The stone white opulence of the Borgata’s lobby was a shock after the noise and colorful crush of the club. Quinn’s gaze pinwheeled past the orange fireball chandelier that hung from the ceiling. To avoid interested glances, she slipped back into her shoes, settled her bag on her shoulder, and strode at a clip from the hotel without looking back.
Every crime thriller and procedural she’d ever seen or read ran through her mind as she click-clacked down the sidewalk and into the darkened parking garage. Her shaking arms could barely manage to hold onto her keys. Her head swiveled, checking each pocket of shadow until the fear finally trumped her flagging control and she broke into a flat-out run. “Focus, focus, focus,” she chanted in a whisper. “Keep breathing and focus.”
She reached her SUV without being jumped, and beeped the lock open while she yanked the satchel strap up and over her head. She wrenched open the door, flung herself in, and powered up. Too panicked to be quiet about it, she backed
out of the space fast enough to make the tires screech, plunged down the ramps, and shot out onto the highway to the blare of horns from cars she cut off. Less than a minute later, she was on the Atlantic City Expressway and racing blindly into the night with the sure certainty that life as she knew it was over.
CHAPTER TWO
I have taken more out of alcohol than alcohol has taken out of me.
—Winston Churchill
Coronado, California
The next morning
Lieutenant Jasper McQueen barreled through the double doors of the roadhouse on the chalkboard screech of a slide guitar. Already on the far edge of pissed off, the twang assault tipped him right over.
He did not need this shit. He was tired. Jesus, was he tired. Up now for seventy-two hours after a two-week deployment, twenty-two of those on a plane following their high-stress extraction from a piping hot LZ. He’d sorted his Team’s shit, got them all home in one piece, and was finally on his way to nearly eight hours unconscious when his goddamn cell had rung.
He’d hit the answer button. Twist did him the favor of not fucking around with the lead in. “Queen, man, Mav’s got his dick in the fryer.”
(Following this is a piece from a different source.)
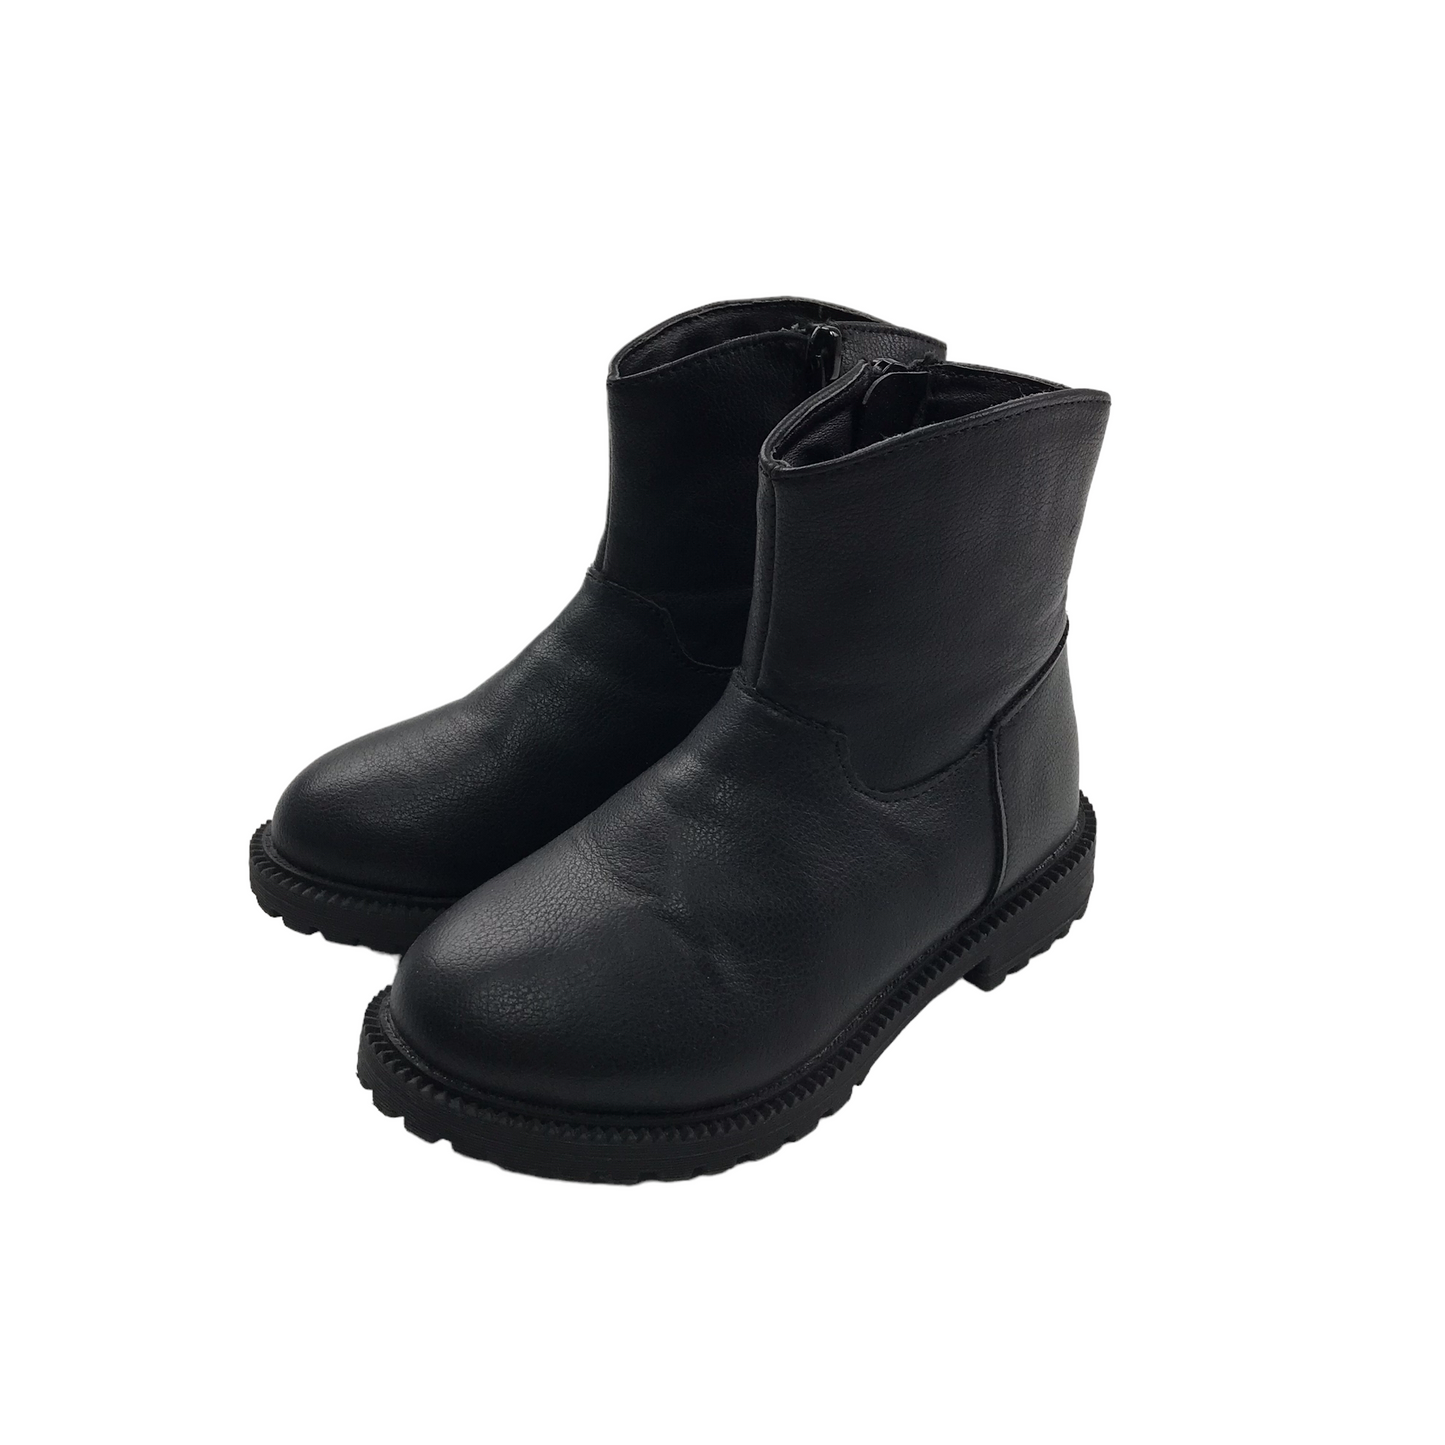 Next Black Leather-like Boots Shoe Size 9 junior

Goddammit. This was his third call out for Maverick in as many months.
“Where?”
“The Range.”
Trust Maverick to get his shit in a bind at a biker roadhouse. “Spectacular. Cops been called?”
“Doubt it. Guys here like to handle shit like this on their own.”
For a brief moment, Jasper considered enjoying the privileges of rank and tagging his chief petty officer for cleanup. But the chief was a family man and wouldn’t thank Jasper for waking up his pair of tweens, commanding officer or not.
Jasper had no such excuse. Not anymore. And he was a man who led with his feet, showing up regardless of the imposition or the clusterfuck that required intervention. Command ignorance might be the smart play, especially given all the crazy shit his enlisted men got up to, but he’d learned the hard way that knowing more now lessened the chance of catastrophe down the line. His men knew not to call him for piddly shit, but if they didn’t for the big guns, there’d be hell to pay.